Who might benefit from this research?

This fundamental research aims to increase the knowledge base underpinning long-term efforts to reduce the impacts of the interlinked problems of food security and environmental degradation that are world-wide in scope. Increased crop yields are needed to feed the growing human population. Yet increased crop yields have in the past been achieved by increasing fertiliser usage, and this increased usage increasingly damages the environment. We need to find ways of increasing crop yields without increasing fertiliser usage, and the research in this proposal aims to discover new pathways towards achieving this. With the long-term aim of improving the nutrient use efficiency of the world's major cereal crops, our research has the eventual potential to benefit the citizens of those many countries in the world where cereals (particularly rice or wheat) are major components of the diet. In addition, because the problems of food security and environmental degradation are global in nature, the potential beneficiaries from increased food production and availability, reduced social unrest consequent on food shortage, and a healthier environment with reduced threats to biodiversity are the entire peoples of the world. Before we can achieve these long-term aims we need to understand how plants coordinate growth with nutrient acquisition. Within the shorter-term scope of this project itself therefore, the major impact will be fundamental knowledge of how plants coordinate growth and nitrogen (N) metabolism and acquisition that will contribute to understanding of the research community as a whole (basic questions in bioscience/scientific advance), and to the wider body of scientific knowledge available to researchers, in particular to plant breeders. Some of the project involves initial steps of translation of that fundamental knowledge to rice breeders, with the eventual aim of developing Green Revolution Varieties (GRVs) with improved nitrogen use efficiency (NUE) (see also Pathways to Impact statement). The second major impact of this project is in terms of people: the research will contribute to long-term training of a postdoctoral scientist, thus enhancing the health of the science base for future scientific developments.
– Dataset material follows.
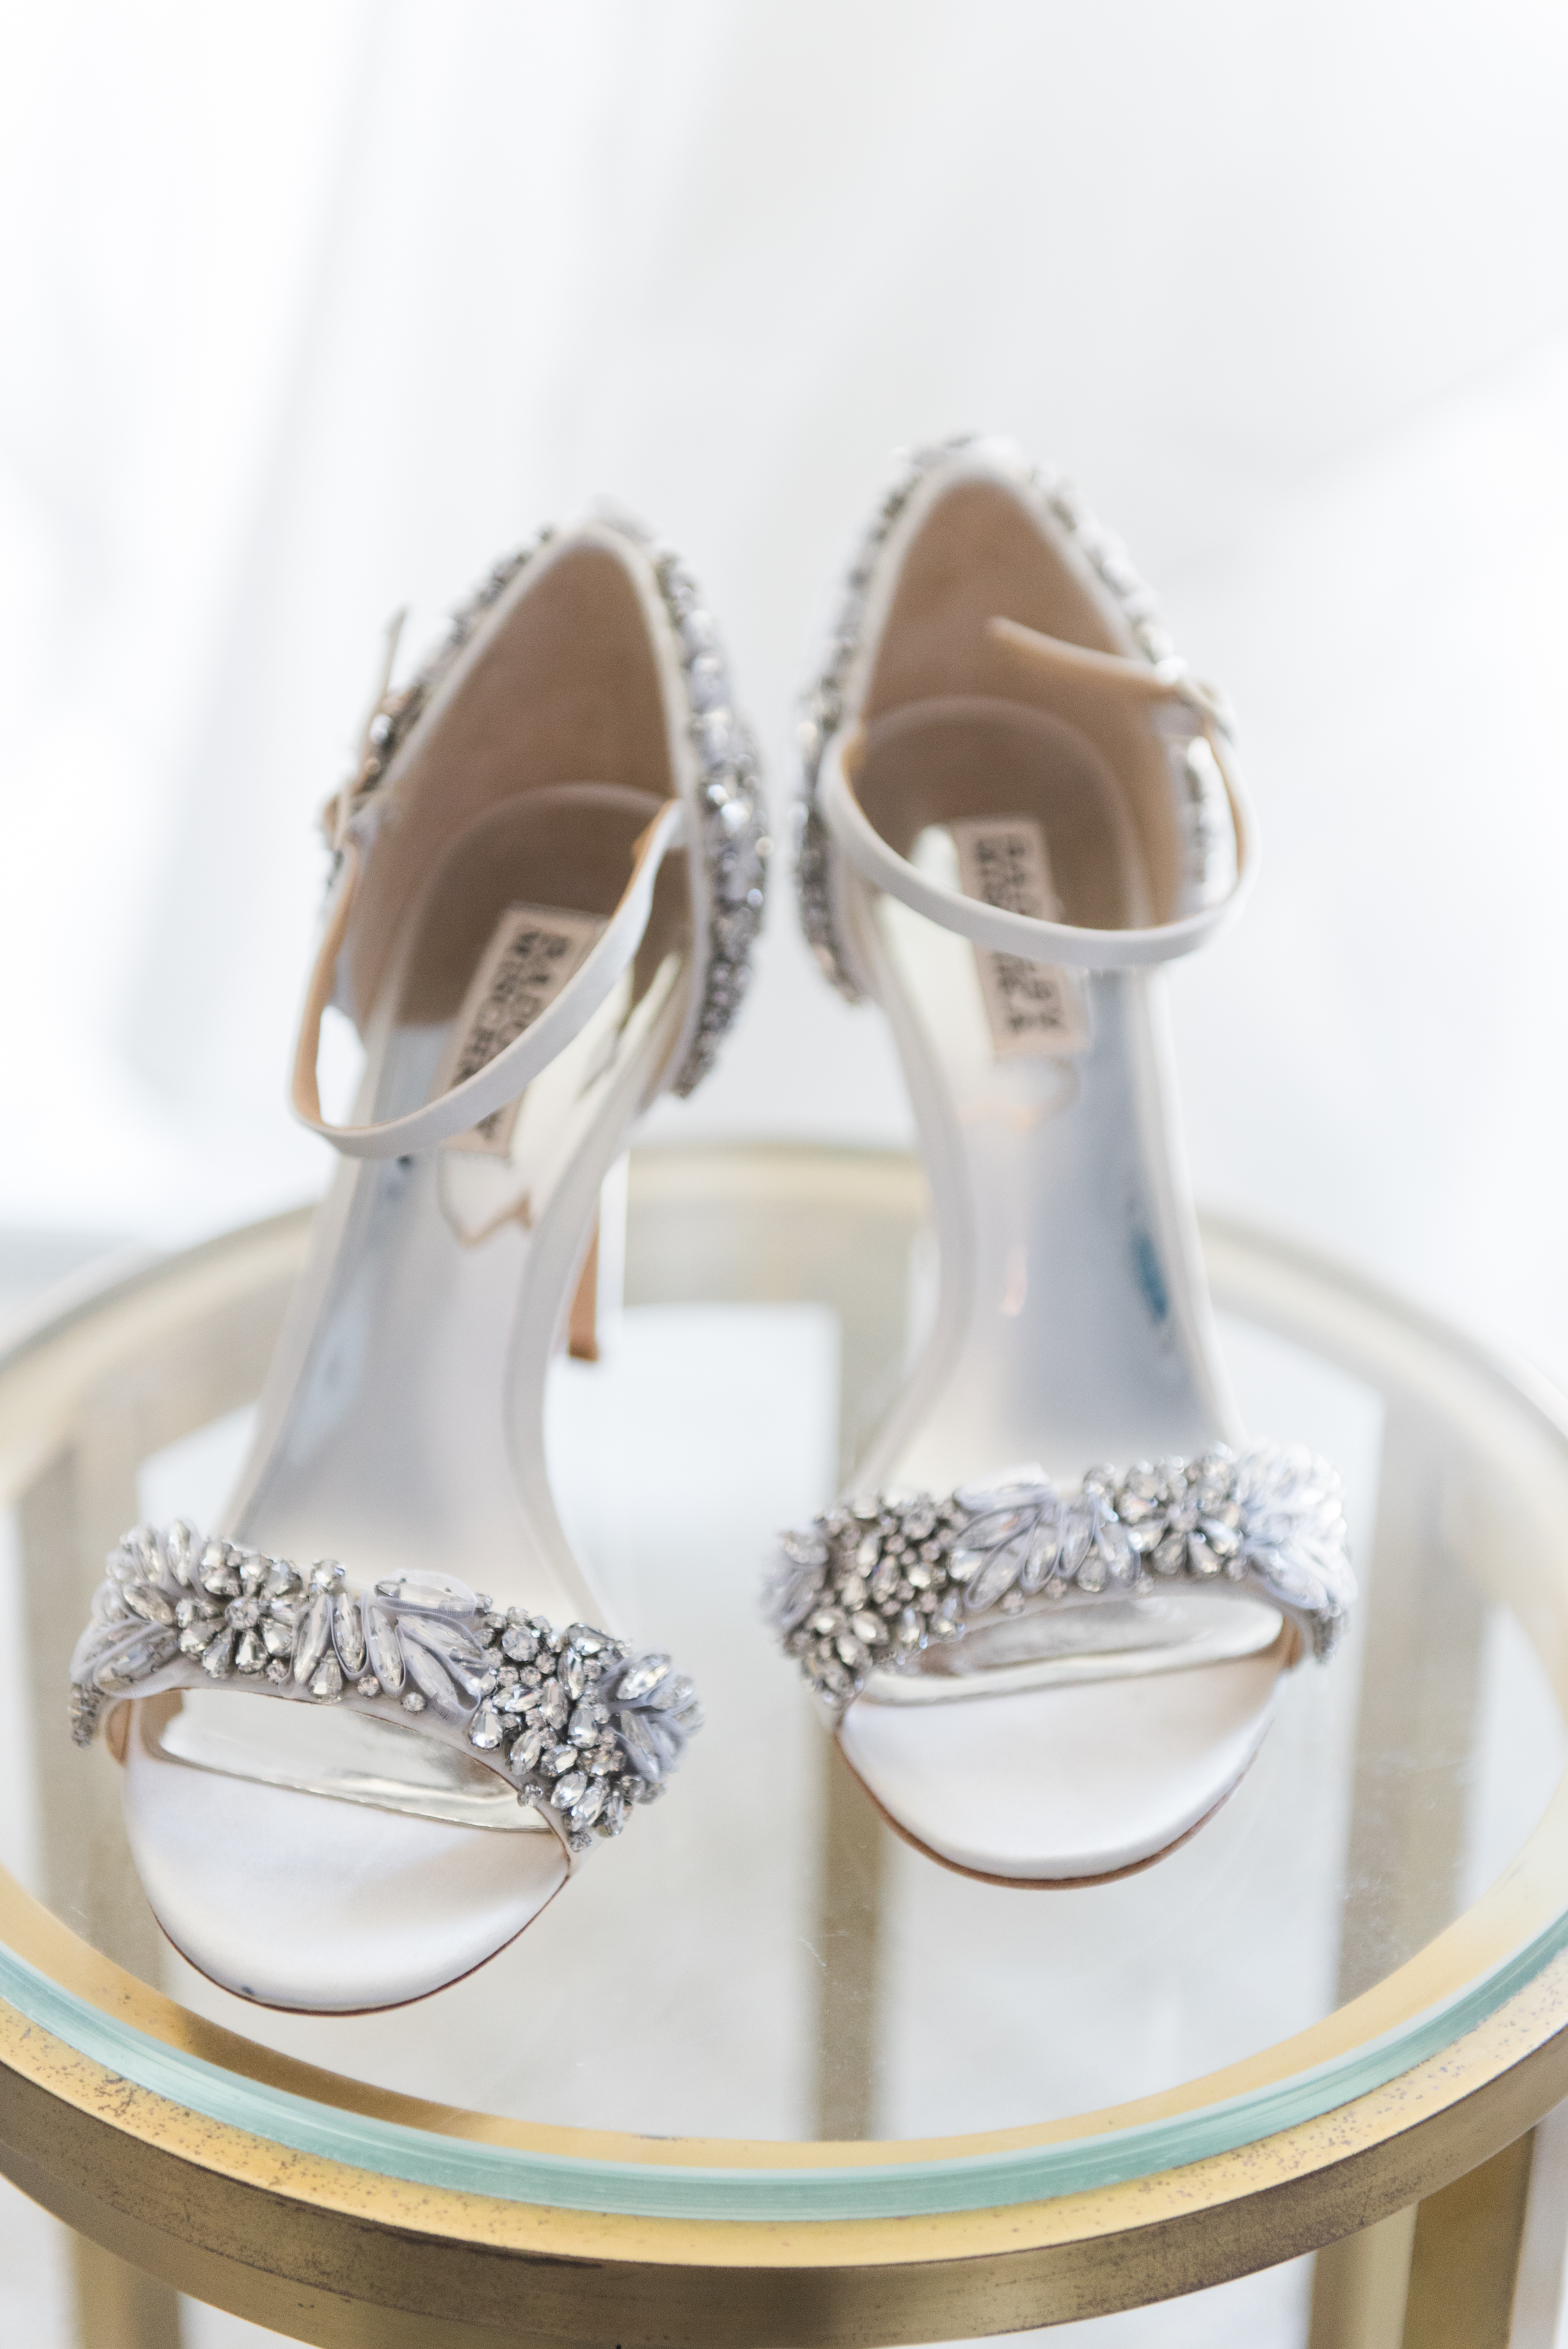 Gorgeous Silver Wedding Shoes - Flagler Museum Palm Beach Wedding Venue - The Overwhelmed Bride Wedding Blog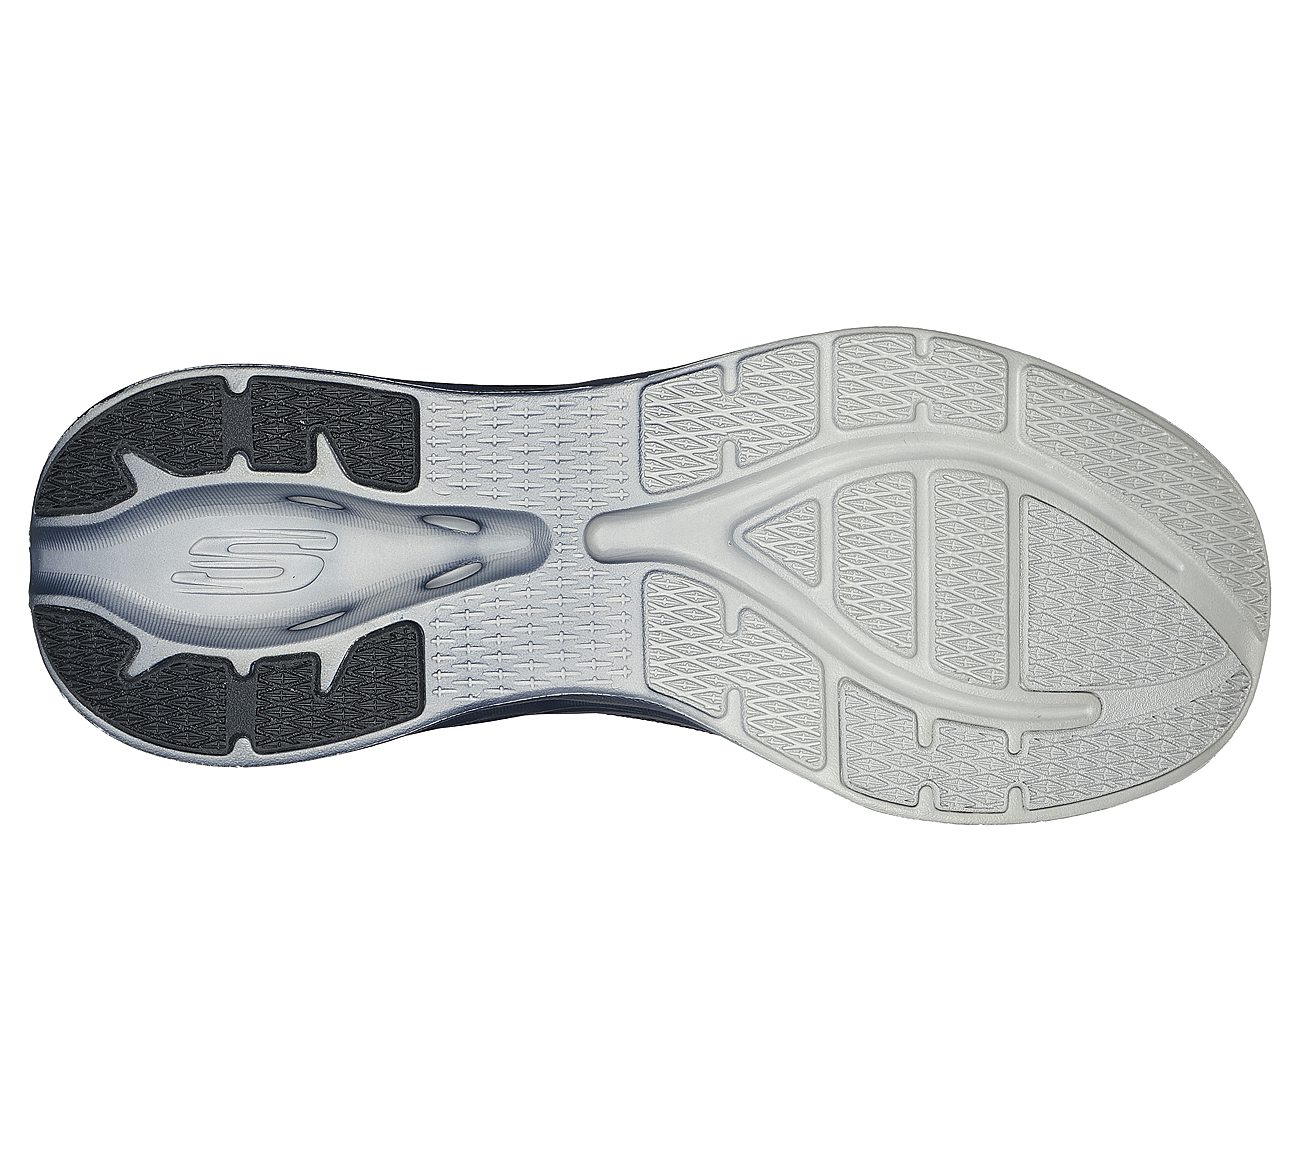 GLIDE-STEP SWIFT, NNNAVY Footwear Bottom View

How might they benefit from this research?

The long-term aim of this research is to provide knowledge that will underpin the long-term development of cereal varieties that retain the yield benefits of current GRVs, but have increased NUE. Our new knowledge will in the longer term enable discovery of specific novel variant alleles that will be incorporated into rice and wheat breeding programmes. New commercial GRVs with increased NUE will be developed by breeders and released to market. Farmers will readily adopt these new varieties, as they will enable high yields at reduced input (fertiliser) cost. Reduced fertiliser use will reduce consequent environmental damage, thus benefitting the world as a whole. High yields will enhance global food supply, thus reducing the risk of food shortage, famine, and consequent global social unrest. Within the scope of this project itself, the major impacts will be that scientific understanding will be advanced, that the research community and plant breeders will benefit from access to our research, that the postdoc employed will be trained in cutting-edge scientific research methods. Our ways of maximising the realisation of these impacts is outlined in the Pathways to Impact statement.